Governance of the quality of the data assets is a central purpose for the data council. They define the scope, audit the data assets, define quality control and ownership which is published and reviewed periodically to sustain the longevity of the quality data assets.

FAIR data management can be seen to have a “bottom-up” orientation in relation to data governance, where the key players are the data stewards who facilitate best practice which drives the FAIR data and metadata life cycle, as illustrated in Figure 12. The data stewards (or equivalent role) will need to work closely with the data council and the data stakeholders to make all of this work as a coherent system, serving the business of organisations such as pharmaceutical companies.

Figure 12: How Data Governance relates to FAIR Data Management in a typical large enterprise, such as a biopharmaceutical company.


How does data governance relate to FAIR clinical data at the study level?

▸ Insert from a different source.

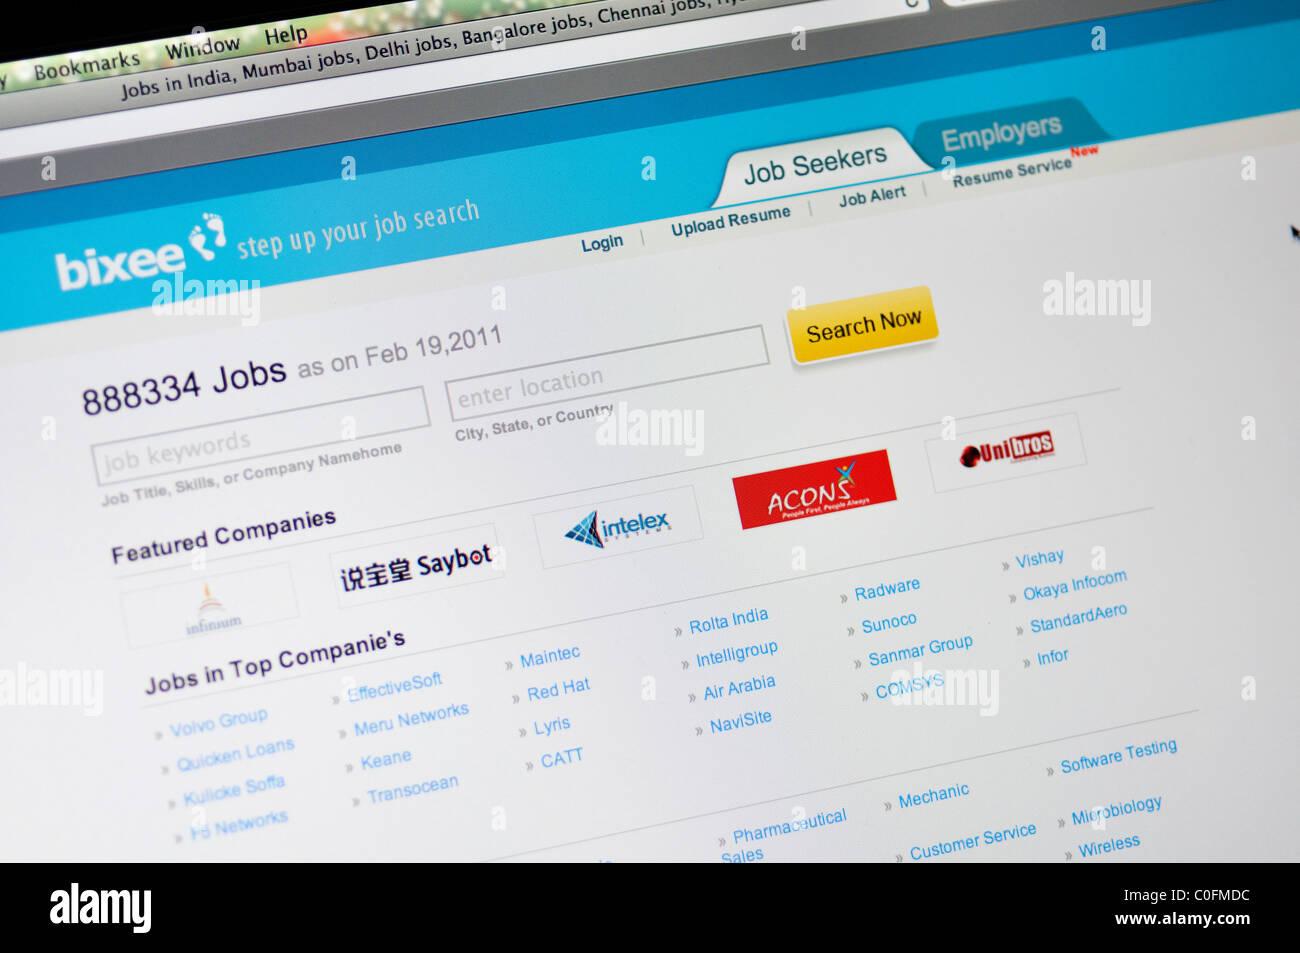 Job Listings Imágenes De Stock & Job Listings Fotos De Stock - Alamy

A number of recommendations for improving the quality of Rare Disease registries have been published in 2018 by Kodra and coauthors ( ). They describe a framework for quality management of RD registries which includes establishment of a good governance system and construction of a suitable computing infrastructure which complies with the FAIR principles (see Figure 1 in the review paper). 

Five recommendations for governance of a Rare Disease registry are given: 1) Define clear objectives to inform the design of the registry database, 2) Identify and engage with the relevant stakeholders at an early stage, 3) Build the registry team who have clear roles and responsibilities in proportion to the registry size, ambitions and objectives, 4) Build a solid framework to ensure compliance with ethical and legal requirements and 5) Ensure the required budgets have been evaluated, so that the registry is well resourced for a predefined period.

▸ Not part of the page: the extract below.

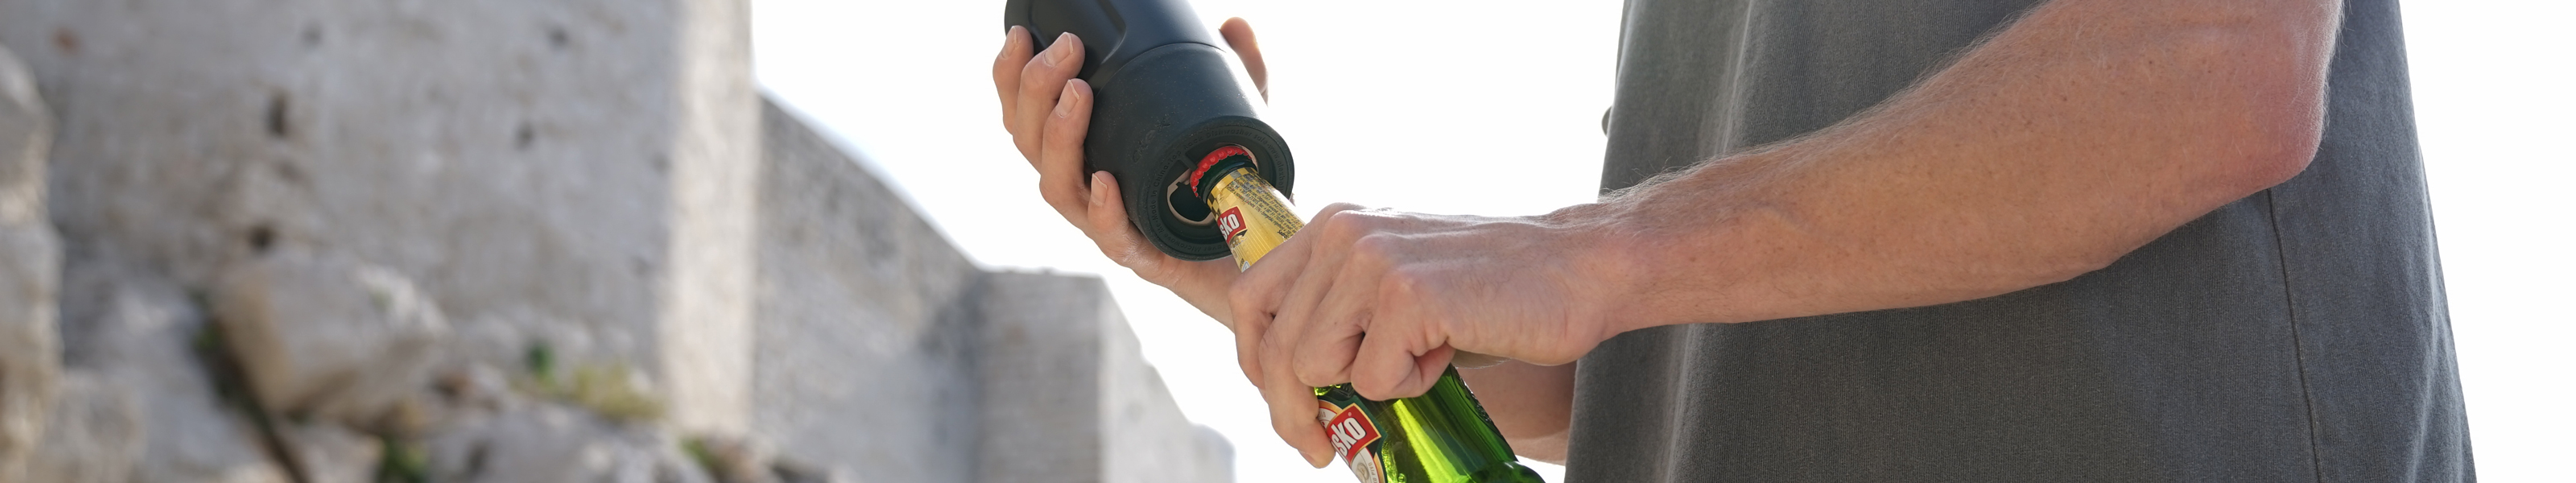 Header1708 bottlebottom.jpg?ixlib=rails 2.1

Recommendations such as these should take account of registry scope; at the study level only protocol methods and summary results will be disclosed, rather than personal patient data. Therefore, for this FAIR4Clin guide, which is limited to the study level, we have described already how it is only relevant to consider FAIR implementation for the methods description of protocol (metadata) and results summary (data), submitted to the ClinicalTrials.org registry.